SOURCE DATA:
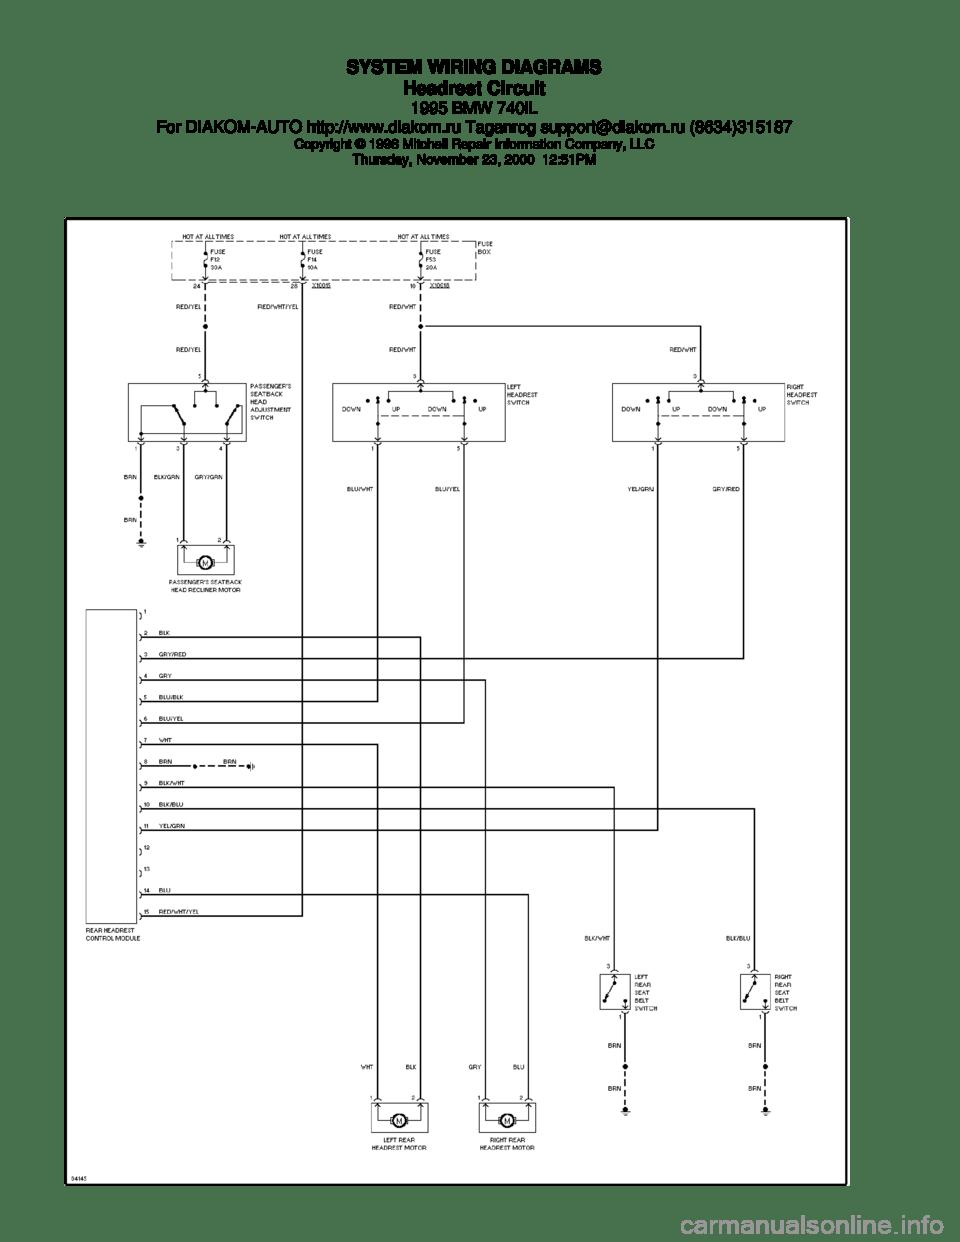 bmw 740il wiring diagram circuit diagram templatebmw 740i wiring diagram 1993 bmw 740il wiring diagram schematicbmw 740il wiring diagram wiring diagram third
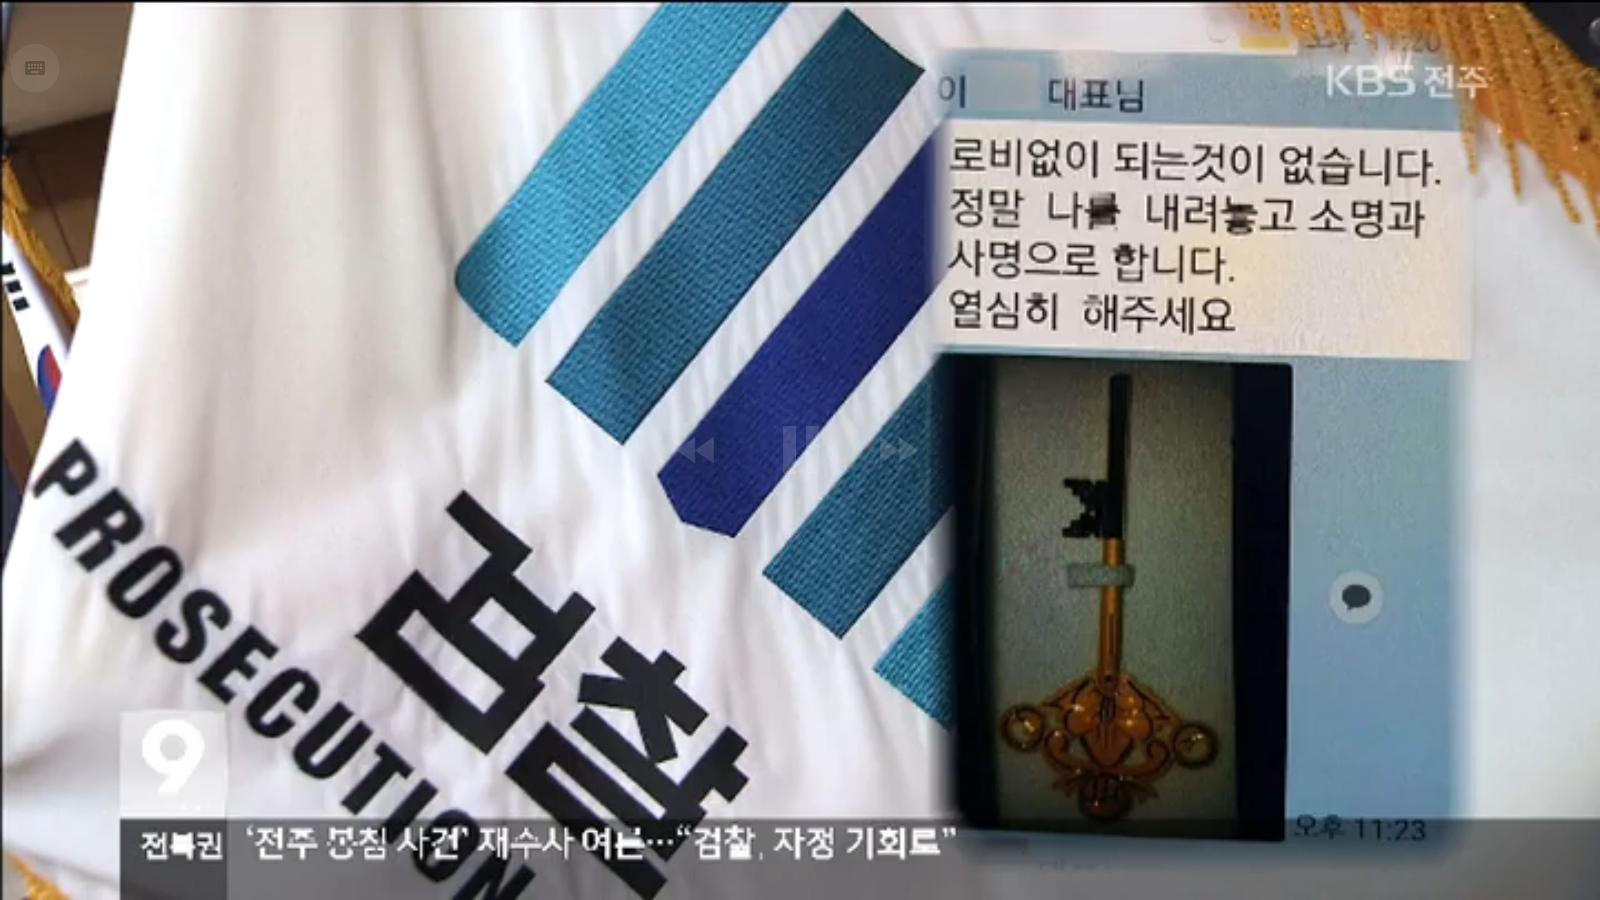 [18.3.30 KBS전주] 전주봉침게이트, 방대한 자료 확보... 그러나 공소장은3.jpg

---

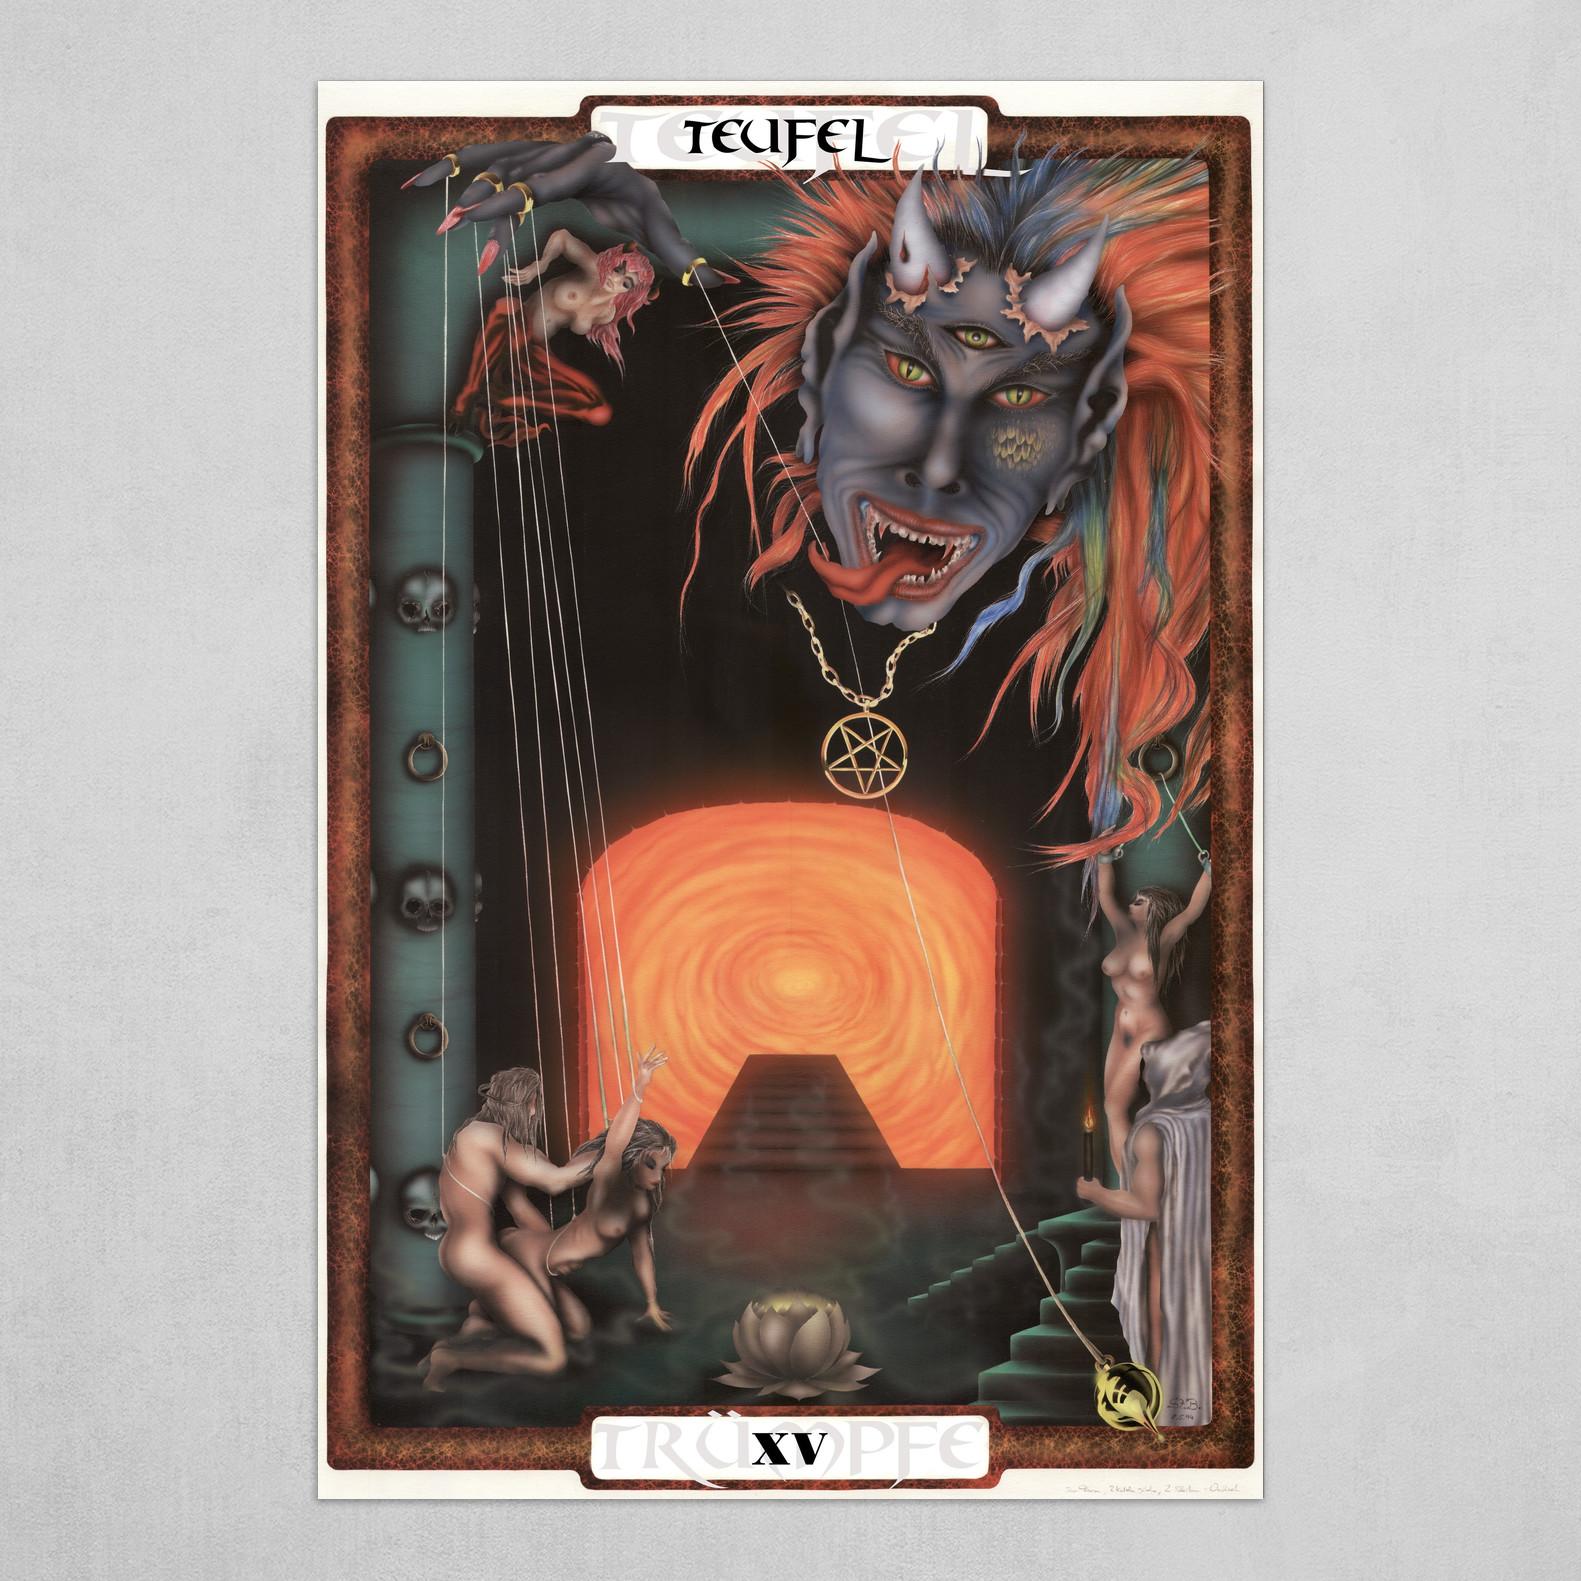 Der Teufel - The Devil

INSTRUCTIONS TO FOLLOW: Write out word for word the lines of the listing above from the line with "bmw 740il wiring diagram circuit" to the line with "[18.3.30 KBS전주] 전주봉침게이트, 방대한", taking in both of those lines but no pictures.

EXERCISE SOLUTION:
 bmw 740il wiring diagram circuit diagram templatebmw 740i wiring diagram 1993 bmw 740il wiring diagram schematicbmw 740il wiring diagram wiring diagram third
 [18.3.30 KBS전주] 전주봉침게이트, 방대한 자료 확보... 그러나 공소장은3.jpg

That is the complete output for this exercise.